New landslides caused by floods, from Campania to Northern Italy, interrupted an August of scorching heat, causing serious damage in the area and unfortunately probably still the loss of human lives.For a few years now, even on Italian territory, what Caribbean or tropical countries are used to is becoming normal, where the passage of strong storms is generally expected between the end of August and the beginning of September.But in Italy are we becoming familiar with these extreme phenomena, and implementing measures to adapt?Not really, according to Italian geologists, starting from the fact that we don't have one updated geological cartography.
A geological cartography in half
The sudden meteorological change this time mainly affected Campania and in particular the municipality of San Felice a Cancello, where landslides and mudslides have engulfed the town.The search for two missing people, a 74-year-old mother and her 41-year-old son, is still ongoing, with very little chance of finding them alive.Rescue teams, including Fire Brigade, Red Cross and Civil Protection, as always in emergencies, are working incessantly to and help the affected population.But flooding, landslides and storms had also hit the centre-north as early as the second half of August.
The fact is that in Italy, a country not only at high seismic risk (as we are seeing recently in the Campi Flegrei) but also grappling with strong hydrogeological instability, to date only just over half of the territory, 55 percent, it is covered by modern geological cartography.Yet geological cartography represents a fundamental tool for basic knowledge of the territory for an advanced country that wants to consciously and effectively face the inevitable challenges linked to the protection, management and planning of its territory and the sustainable use of its resources.This is the warning launched by geologists and mineralogists, who, starting from September 2nd, in Bari, will meet in a joint national congress also to outline directions and intervention strategies for the recovery and adaptation of the territory to its fragility and to the threat of climate change.

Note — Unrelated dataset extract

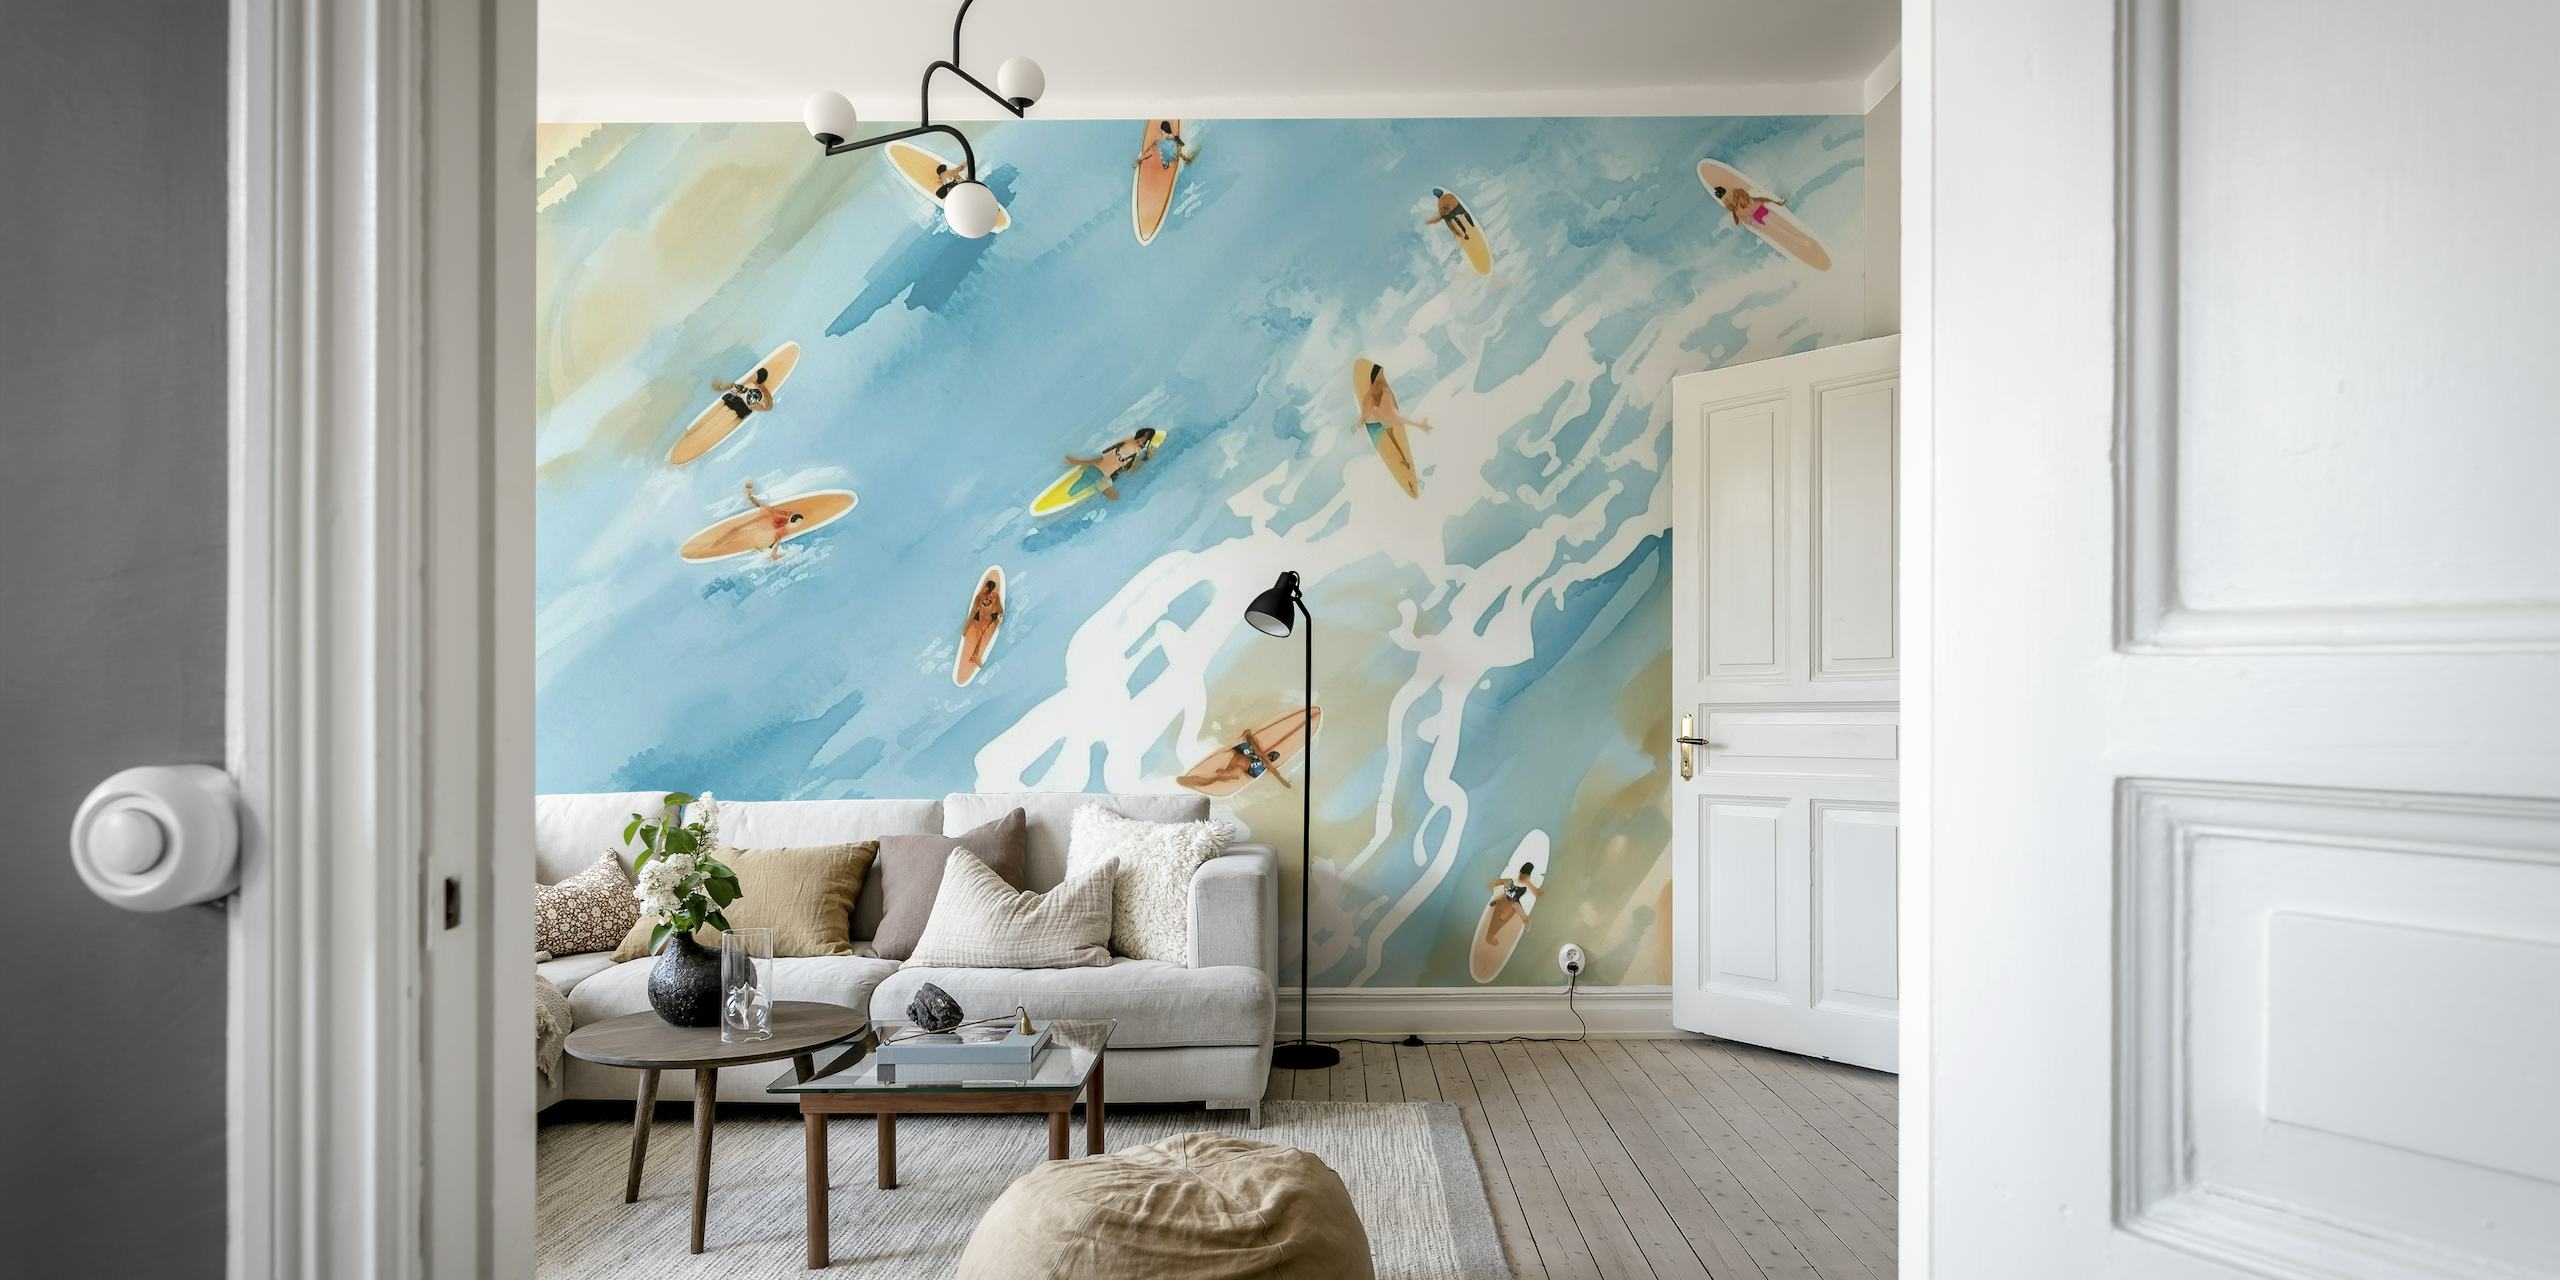 Surffaajien seinämaalaus, jossa on ilmakuva henkilöistä, jotka surffaavat lempeillä aalloilla

“It is impressive to think that in a country like ours, characterized by a fragile territory affected by numerous natural risks, in 2024 we still do not have an updated and complete knowledge of what we have under our feet.We know very little about the “outer shell” of our earth,” he explains Rodolfo Carosi, President of the Italian Geological Society, on the eve of the national congress.The value of an updated geological cartography, explains Carosi, “is equal to that of anational strategic infrastructure with a very high impact, both for its fundamental cultural value and for the usefulness it has in a wide range of practical and application fields".

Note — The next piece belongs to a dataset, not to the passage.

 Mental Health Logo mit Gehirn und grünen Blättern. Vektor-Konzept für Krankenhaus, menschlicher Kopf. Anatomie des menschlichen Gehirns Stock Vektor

The Italian Geological Society has been collaborating with Ispra for years to promote and disseminate at all levels of society the need for Italy to finally equip itself with updated, versatile and modern geological cartographic bases, which represent a fundamental basic knowledge tool for a An advanced country that wants to consciously and effectively face the inevitable challenges related to the protection, management and planning of its territory and the sustainable use of its resources.

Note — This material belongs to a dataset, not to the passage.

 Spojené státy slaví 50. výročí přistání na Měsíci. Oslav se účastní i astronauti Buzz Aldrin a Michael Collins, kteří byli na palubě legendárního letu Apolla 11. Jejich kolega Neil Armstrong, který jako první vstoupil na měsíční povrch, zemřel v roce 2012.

Ispra itself carries out theinventory of landslide phenomena in Italy, in which, to date, they have been registered over 634 thousand landslides, which represent two thirds of European ones, and also publishes the report on hydrogeological instability in Italy which constitutes the official reference framework on the danger and hydrogeological risk for our country, but which is only every three years:based onlatest edition, which dates back to 2021, The 94 percent of Italian municipalities are at risk due to landslides, floods or coastal erosion, 1.3 million inhabitants are at risk of landslides and 6.8 million inhabitants at risk of floods.